# Task objective:
Reproduce exactly the lines below, starting with the line that contains "LEO18GTplus Datenblatt 2" and ending with the last line of the records, both included, and nothing else.

Segment Start: Material for the task

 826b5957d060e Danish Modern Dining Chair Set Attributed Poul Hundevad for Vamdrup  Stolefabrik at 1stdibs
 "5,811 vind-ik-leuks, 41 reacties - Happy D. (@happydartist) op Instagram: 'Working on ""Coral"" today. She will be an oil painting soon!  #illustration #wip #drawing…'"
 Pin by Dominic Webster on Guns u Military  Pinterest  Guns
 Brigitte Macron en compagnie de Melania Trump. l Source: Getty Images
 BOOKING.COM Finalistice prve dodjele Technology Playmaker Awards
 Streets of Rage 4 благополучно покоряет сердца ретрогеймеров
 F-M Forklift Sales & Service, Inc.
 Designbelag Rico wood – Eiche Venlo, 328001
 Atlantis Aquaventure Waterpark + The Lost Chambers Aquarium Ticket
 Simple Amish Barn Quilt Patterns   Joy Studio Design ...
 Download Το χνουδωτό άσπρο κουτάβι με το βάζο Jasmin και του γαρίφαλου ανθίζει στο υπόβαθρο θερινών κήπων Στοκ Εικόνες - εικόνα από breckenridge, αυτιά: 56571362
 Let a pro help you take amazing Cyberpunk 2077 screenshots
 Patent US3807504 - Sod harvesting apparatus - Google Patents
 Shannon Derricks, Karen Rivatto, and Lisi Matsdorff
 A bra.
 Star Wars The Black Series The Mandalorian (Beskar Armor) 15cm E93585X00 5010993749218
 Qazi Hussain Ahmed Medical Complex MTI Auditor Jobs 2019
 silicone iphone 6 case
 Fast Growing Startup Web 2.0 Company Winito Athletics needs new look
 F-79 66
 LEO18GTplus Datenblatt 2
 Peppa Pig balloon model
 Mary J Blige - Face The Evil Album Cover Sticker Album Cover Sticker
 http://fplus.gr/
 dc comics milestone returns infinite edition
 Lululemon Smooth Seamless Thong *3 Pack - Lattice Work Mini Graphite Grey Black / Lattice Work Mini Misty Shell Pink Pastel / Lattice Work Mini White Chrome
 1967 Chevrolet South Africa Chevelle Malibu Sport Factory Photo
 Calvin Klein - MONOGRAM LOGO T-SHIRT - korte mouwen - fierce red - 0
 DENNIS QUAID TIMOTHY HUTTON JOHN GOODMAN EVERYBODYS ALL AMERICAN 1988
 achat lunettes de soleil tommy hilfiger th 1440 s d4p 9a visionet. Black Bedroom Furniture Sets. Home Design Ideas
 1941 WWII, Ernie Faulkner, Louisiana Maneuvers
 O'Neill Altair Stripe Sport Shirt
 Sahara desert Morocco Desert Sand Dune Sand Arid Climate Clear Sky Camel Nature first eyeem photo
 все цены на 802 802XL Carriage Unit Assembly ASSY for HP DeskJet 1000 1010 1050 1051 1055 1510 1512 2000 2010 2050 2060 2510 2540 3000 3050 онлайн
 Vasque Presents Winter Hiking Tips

Segment End: Material for the task

# Result:
 LEO18GTplus Datenblatt 2
 Peppa Pig balloon model
 Mary J Blige - Face The Evil Album Cover Sticker Album Cover Sticker
 http://fplus.gr/
 dc comics milestone returns infinite edition
 Lululemon Smooth Seamless Thong *3 Pack - Lattice Work Mini Graphite Grey Black / Lattice Work Mini Misty Shell Pink Pastel / Lattice Work Mini White Chrome
 1967 Chevrolet South Africa Chevelle Malibu Sport Factory Photo
 Calvin Klein - MONOGRAM LOGO T-SHIRT - korte mouwen - fierce red - 0
 DENNIS QUAID TIMOTHY HUTTON JOHN GOODMAN EVERYBODYS ALL AMERICAN 1988
 achat lunettes de soleil tommy hilfiger th 1440 s d4p 9a visionet. Black Bedroom Furniture Sets. Home Design Ideas
 1941 WWII, Ernie Faulkner, Louisiana Maneuvers
 O'Neill Altair Stripe Sport Shirt
 Sahara desert Morocco Desert Sand Dune Sand Arid Climate Clear Sky Camel Nature first eyeem photo
 все цены на 802 802XL Carriage Unit Assembly ASSY for HP DeskJet 1000 1010 1050 1051 1055 1510 1512 2000 2010 2050 2060 2510 2540 3000 3050 онлайн
 Vasque Presents Winter Hiking Tips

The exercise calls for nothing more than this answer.